GET /moduleinfo HTTP/1.1
User-Agent: StarfieldInstall/1.0
Host: na.secureserver.net
Accept: *.*

‘Moduleinfo’ is a JSON text which ‘StarfieldInstall.app’ parses and evaluating the content of a JSON string. For example, it reads and evaluate which package appropriate to the user: Windows or Mac.


{ "win" :

, "mac" :

It also evaluates the installation requirement, example:

 

, "mac" :
[ { "file" : "StarfieldInstall.App"
, "version" : 4
, "source" : "starfieldinstall.zip"
, "app" : "*"
, "type" : "util"
, "adminRequired" : false
, "osMin" : [10,4]
}

‘StarfieldInstall’ compares this requirement defined by JSON file ‘moduleinfo’ before it downloads, extracts and run the latest package resulting to installation of the following:

starfieldinstall.zip

starfieldupdate.zip

fileedittool64.plugin.zip

fileedittool.zip

WBETools14.plugin

wbetools64.zip

copypaste.xpi

zoomext.xpi

offdavhelper_mac4.zip

offdavhelper_mac.zip

offsettings.bundle.zip

wbesettings.bundle.zip

drivemapreconnect.zip

backupstatus.zip

offsync_mac.zip

desktoptools.zip

wbedesktopnotifier.zip

So far we have 17 files here and 4 of these files do not require root password. It is important to take note that  ‘StarfieldUpdate.app’ is always running in the background and launch ‘StarfieldInstall.app’ to perform the following:

– Evaluating JSON text ‘moduleinfo’ for update

– Download and installation of latest versions

– Discovery of products installed

– Running privileged shell command

It installs two Firefox extensions and plugins, which is persistent.
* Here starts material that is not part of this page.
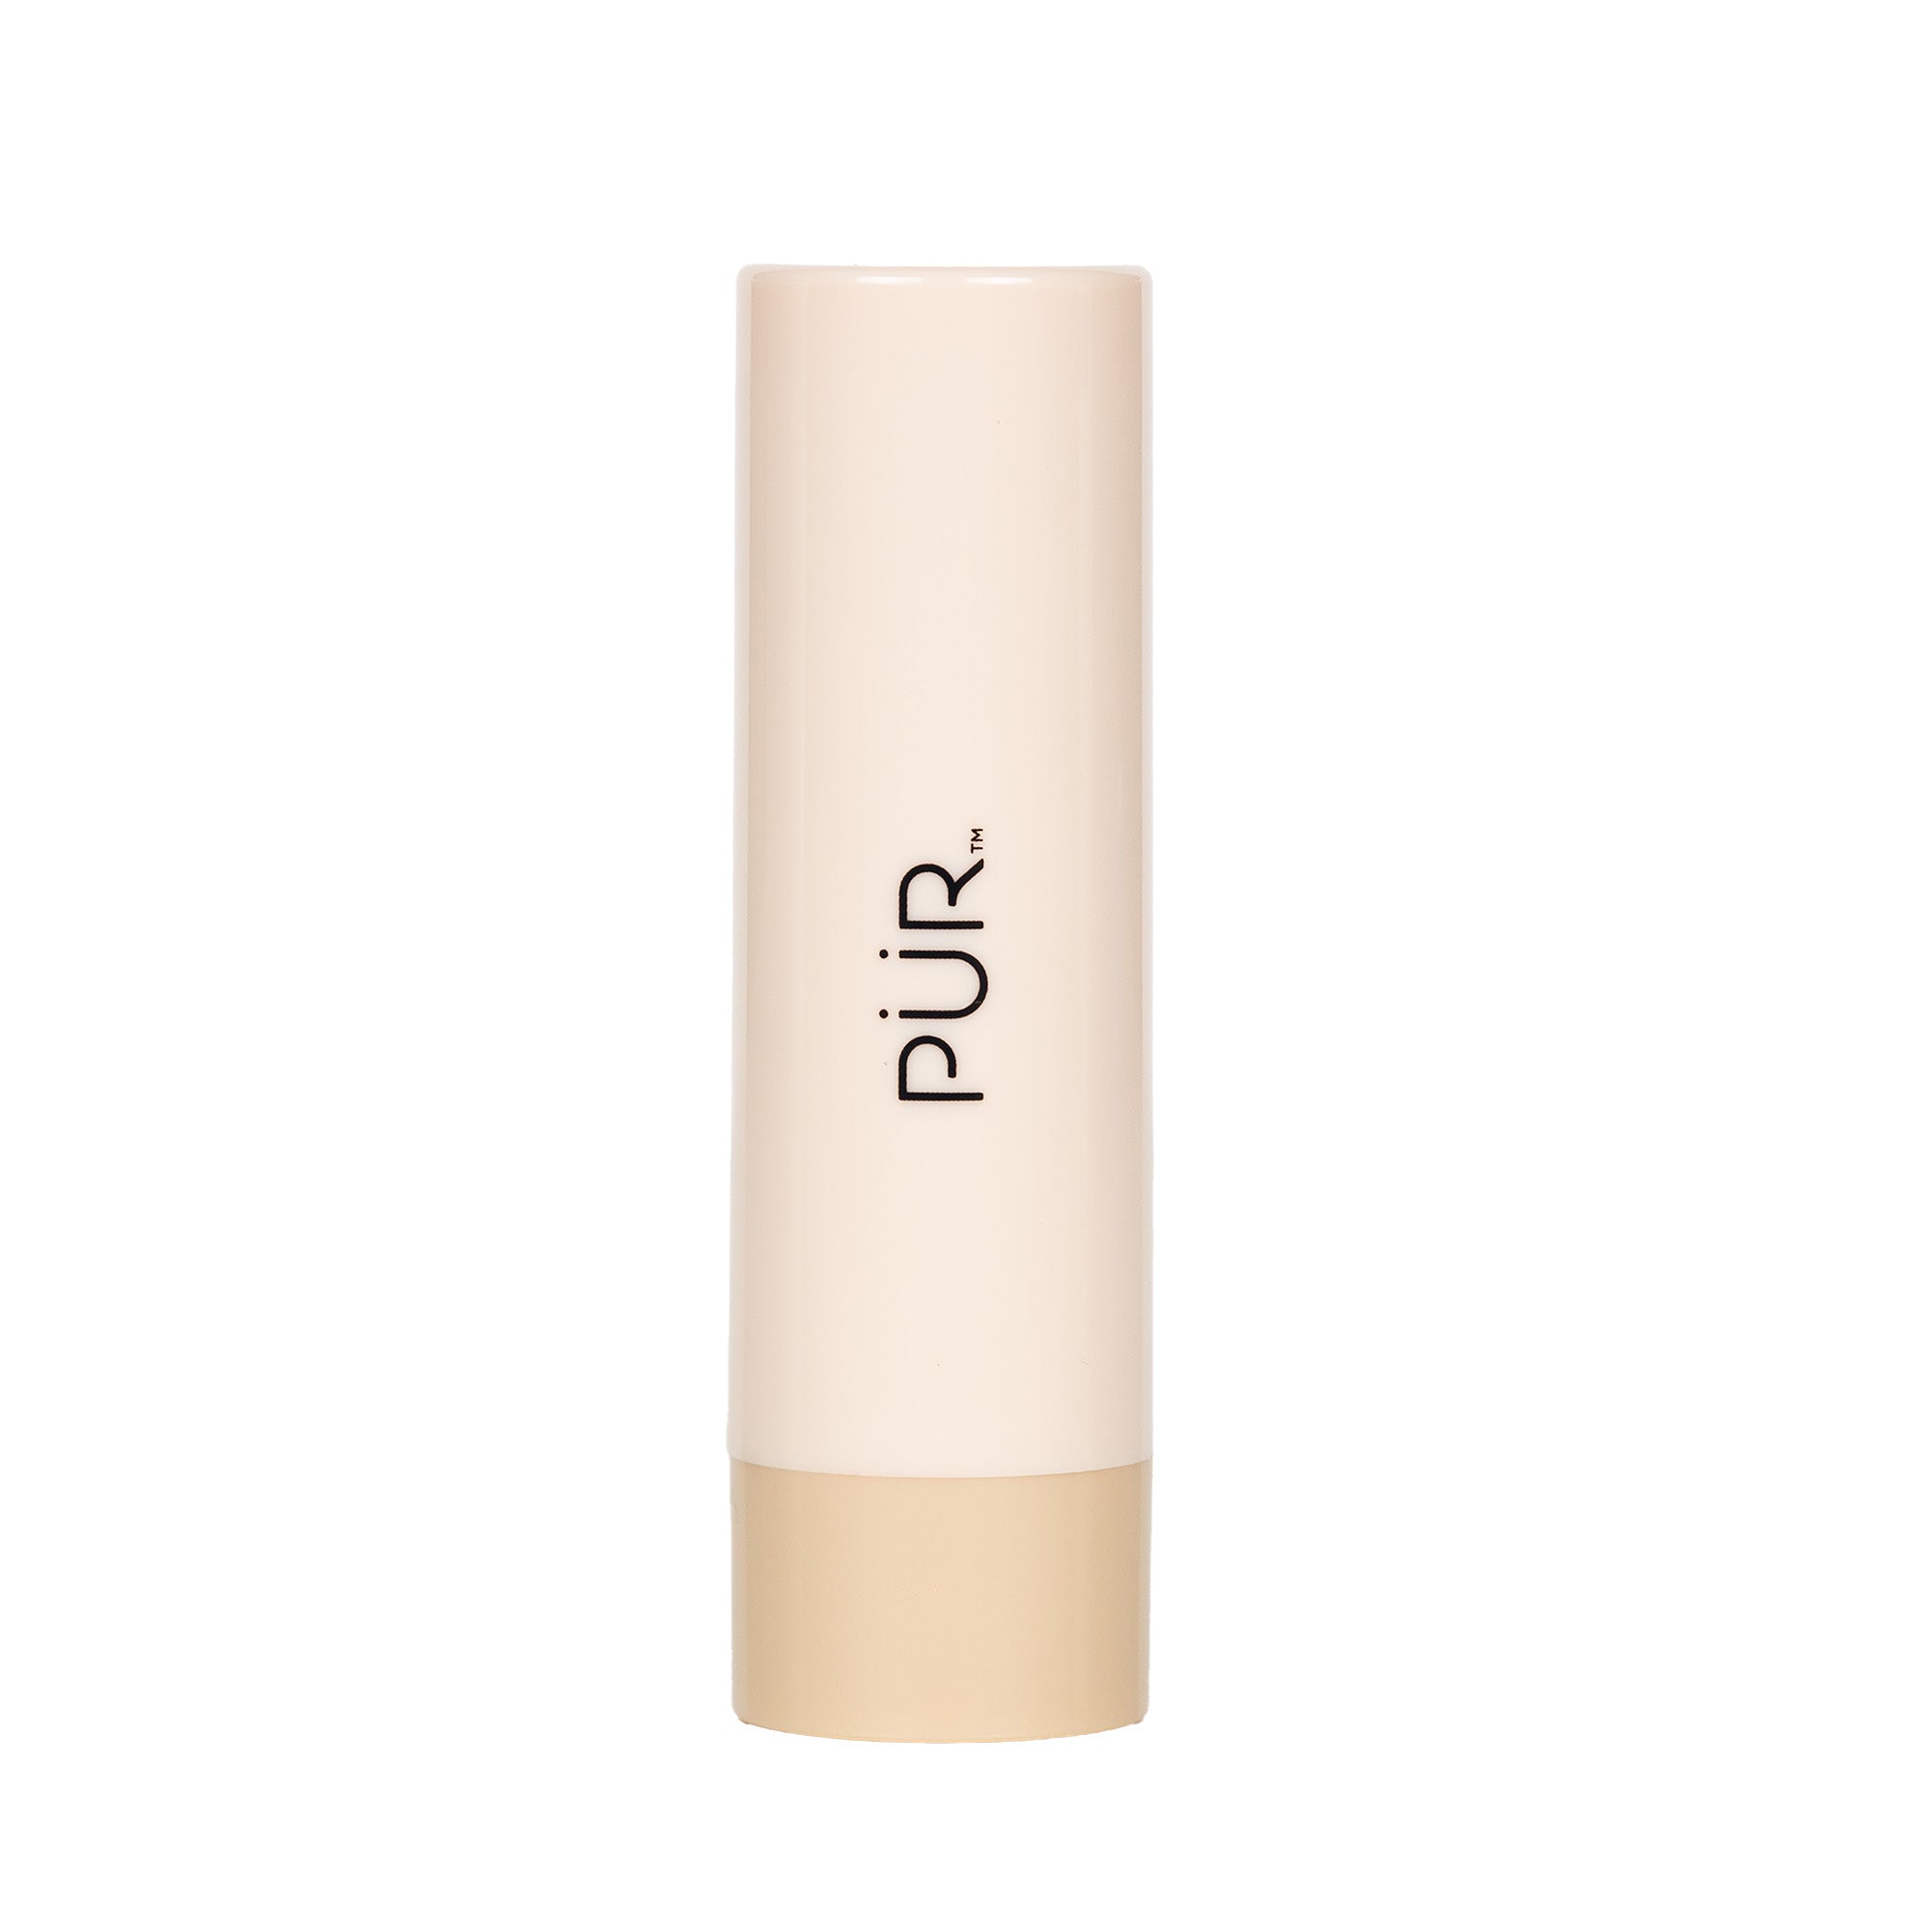 Silky Tint Creamy Multitasking Stick with Peptides.

It means that you can’t just click ‘uninstall’ to remove it . In Firefox, click Tools and Addons to view the installed Extensions and Plugins as shown below:

Another notable process created is ‘OffSyncService’ which is always running in the background .

In conclusion, this is a nasty and abusive application that performs remote activities and installation of unwanted plugins and application without user consent. It is a bloatware and a backdoor.